### [WHAT TO WORK ON]
What is needed is an exact copy of the records below, with the pictures left out.

Start of INPUT DATA

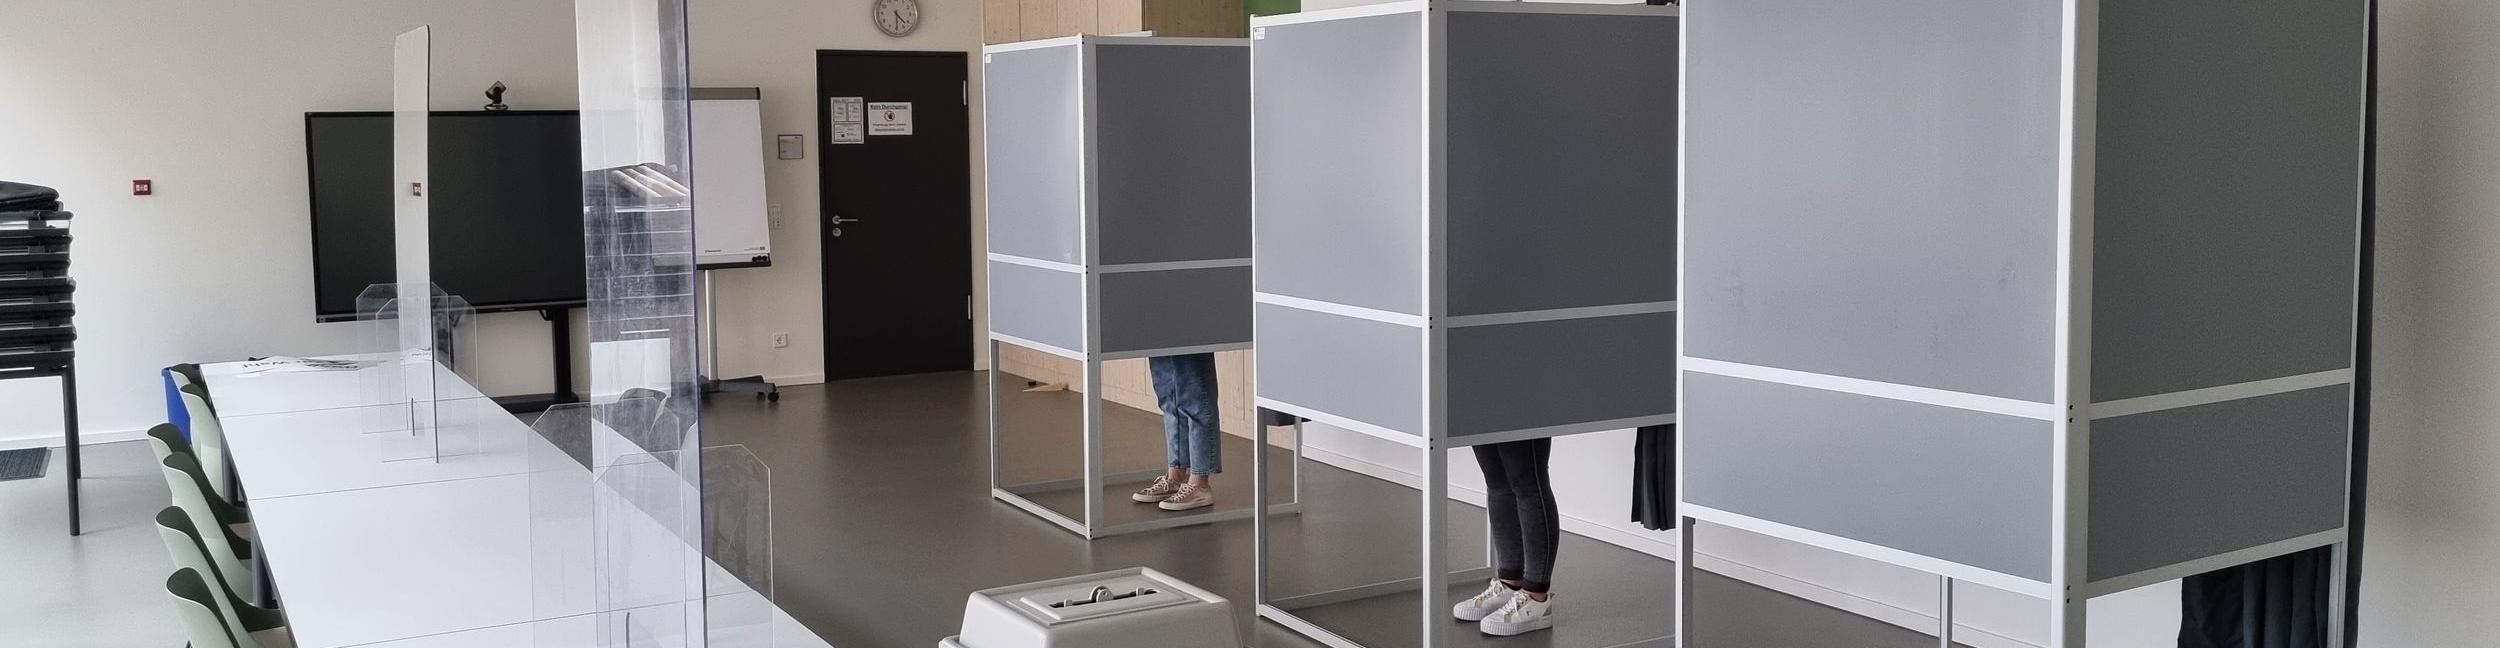 Bureau de vote dans les services techniques de la Plittersdorfer Strasse
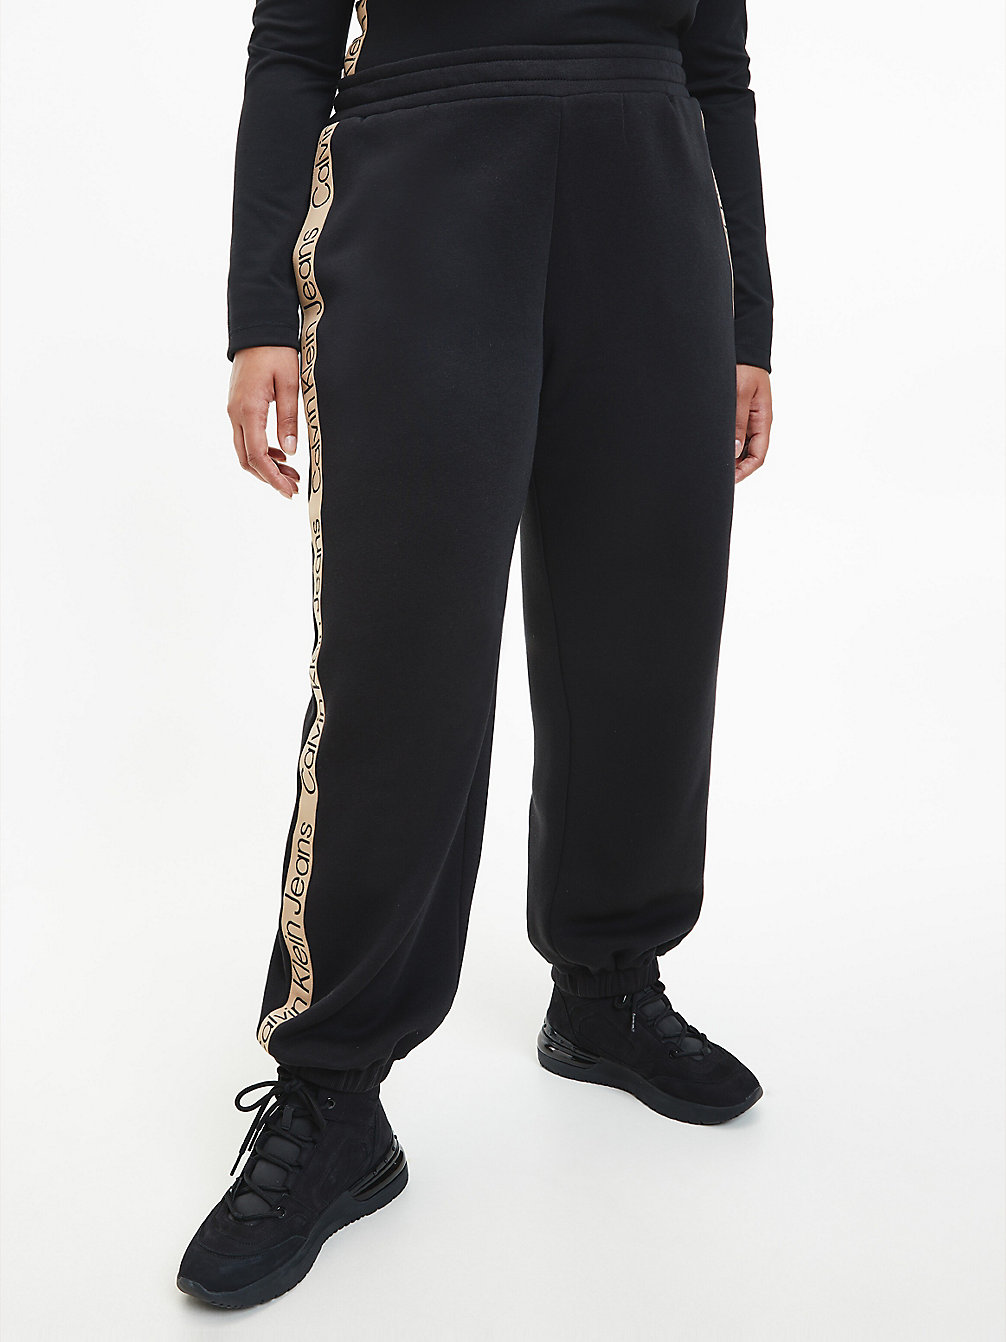 CK BLACK > Spodnie Dresowe Plus Size Z Taśmą Z Logo > undefined Kobiety - Calvin Klein
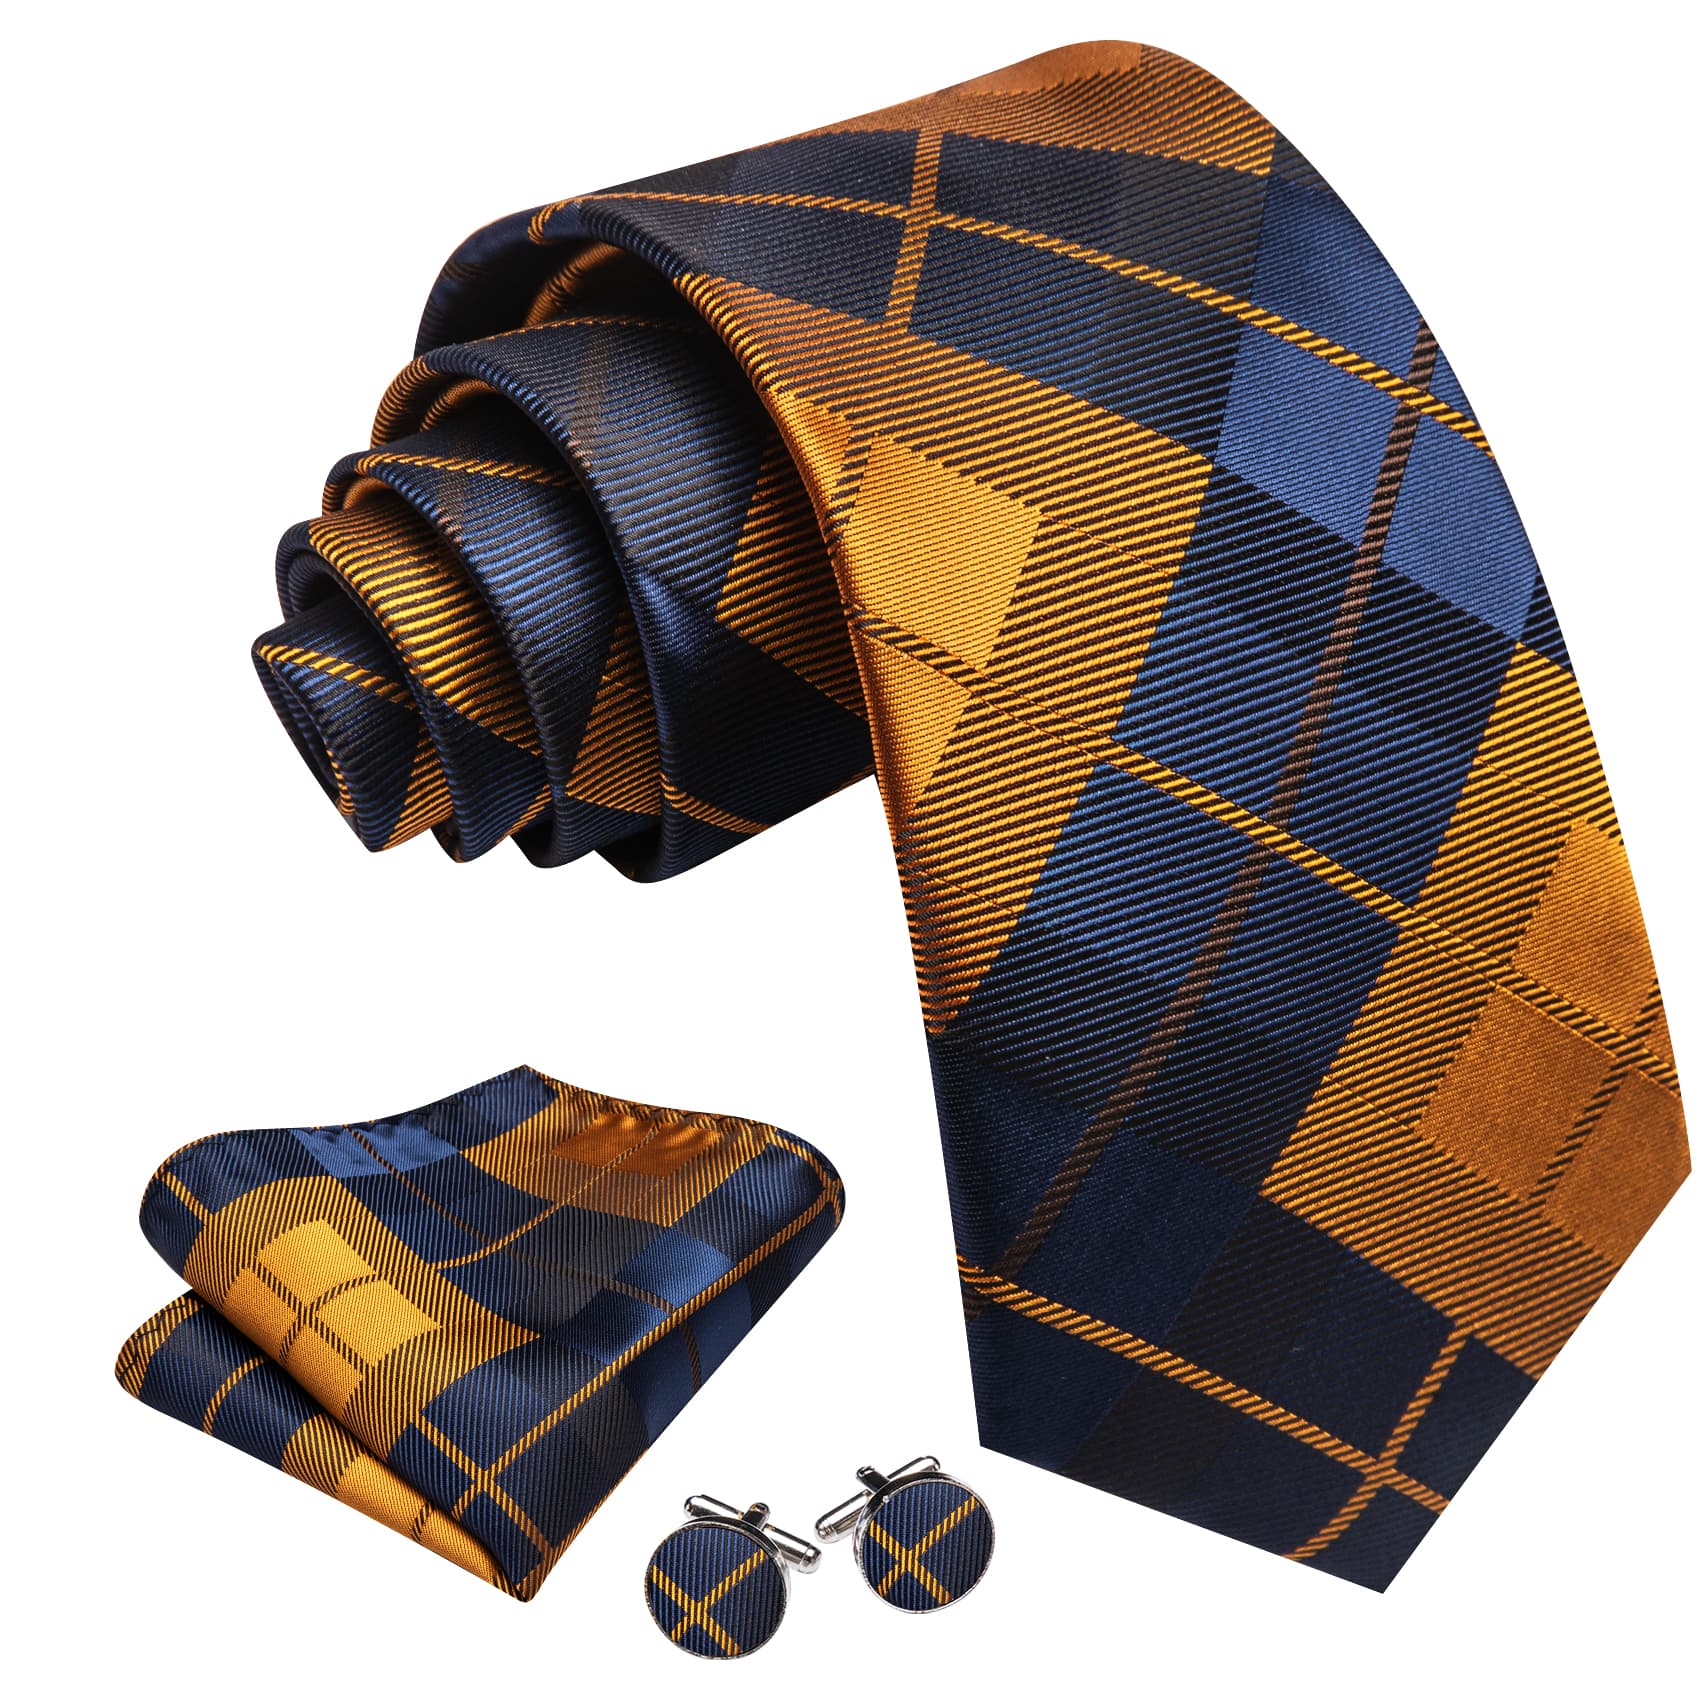  Plaid Tie Blue Golden Checkered Necktie and Cufflink Set
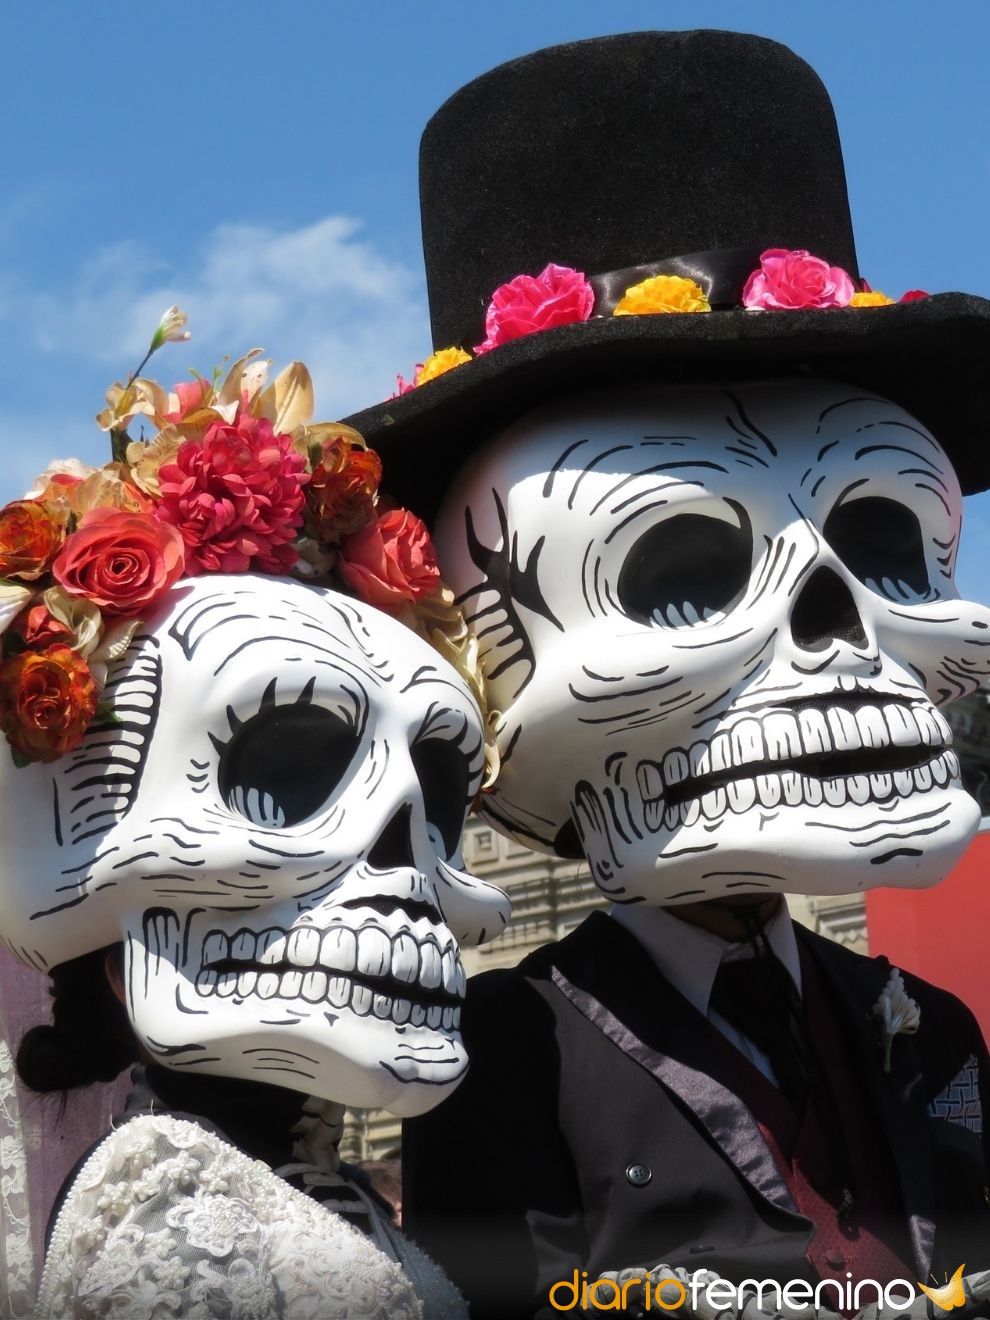 Escalera Salida templo 7 calaveritas literarias para el Día de Muertos: ¿cómo escribirlas?
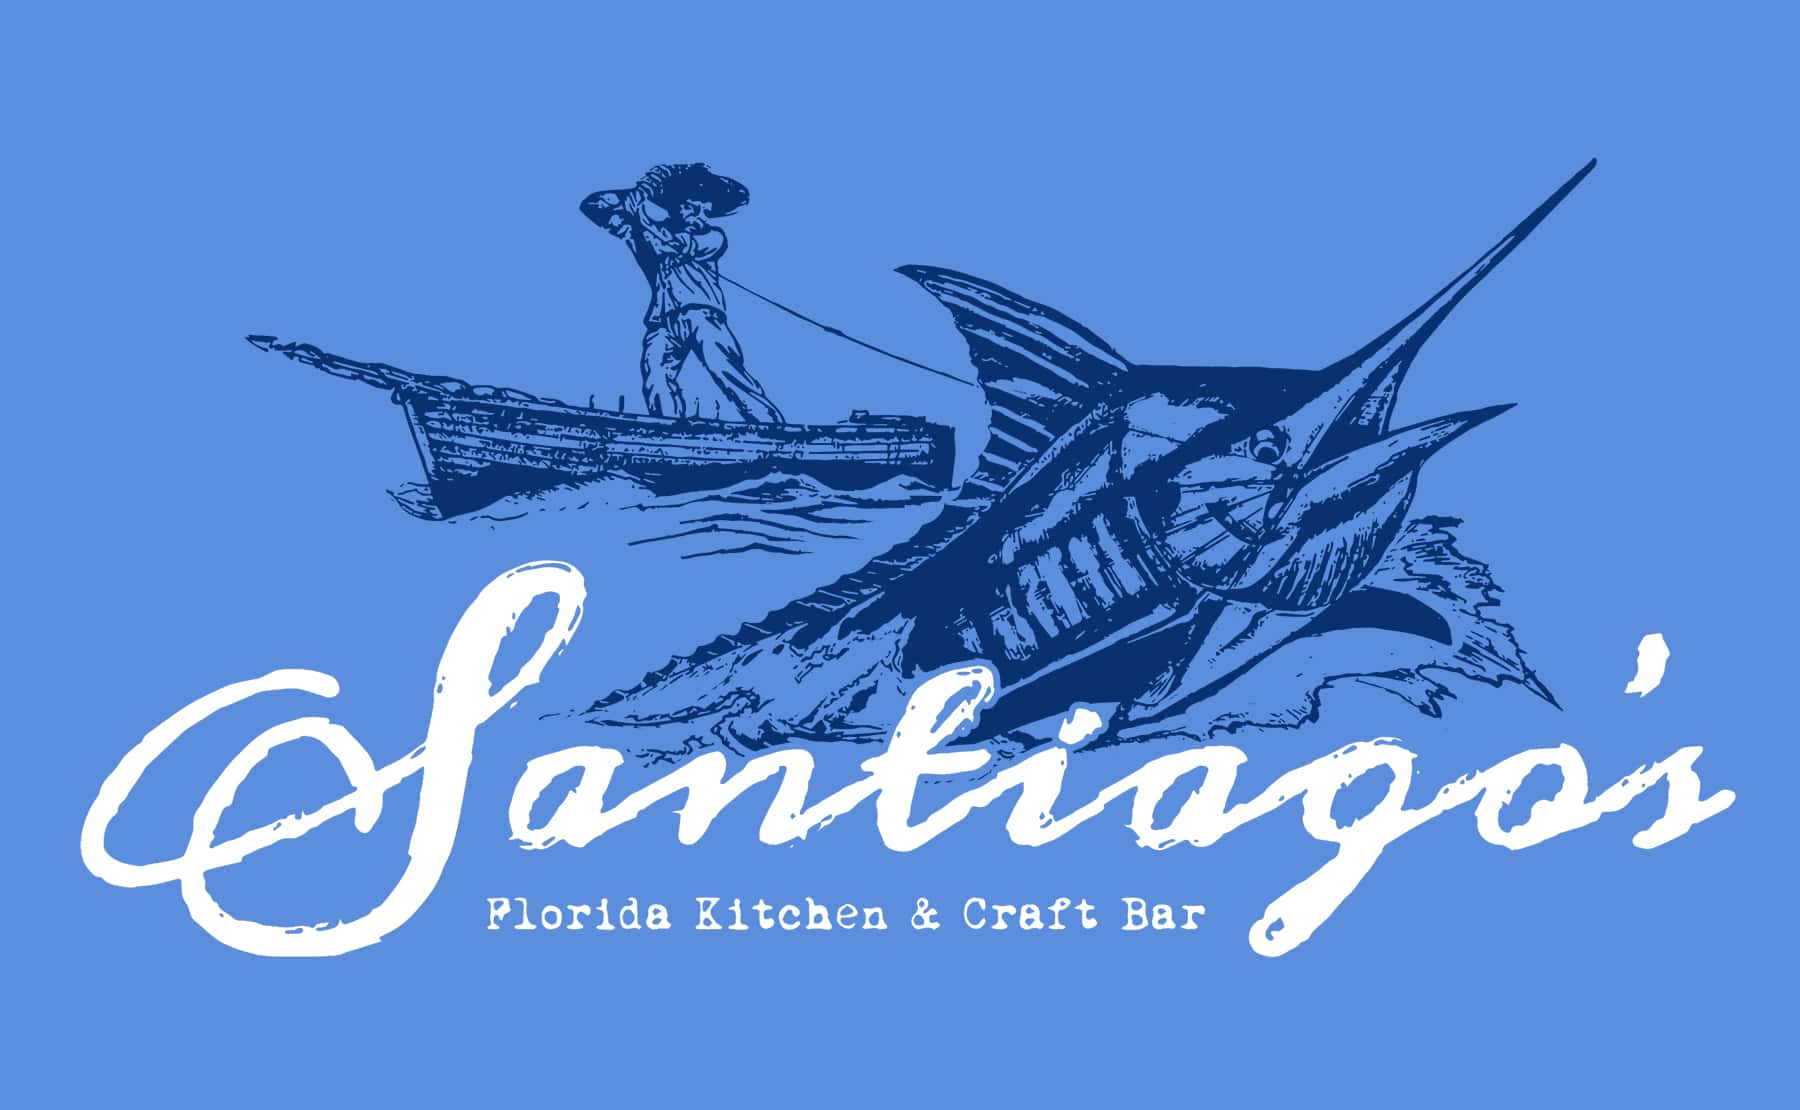 EASTER BRUNCH AT SANTIAGO'S FLORIDA KITCHEN & CRAFT BAR

End of INPUT DATA

### [EXERCISE RESPONSE]
 Bureau de vote dans les services techniques de la Plittersdorfer Strasse
 CK BLACK > Spodnie Dresowe Plus Size Z Taśmą Z Logo > undefined Kobiety - Calvin Klein
  Plaid Tie Blue Golden Checkered Necktie and Cufflink Set
 Escalera Salida templo 7 calaveritas literarias para el Día de Muertos: ¿cómo escribirlas?
 EASTER BRUNCH AT SANTIAGO'S FLORIDA KITCHEN & CRAFT BAR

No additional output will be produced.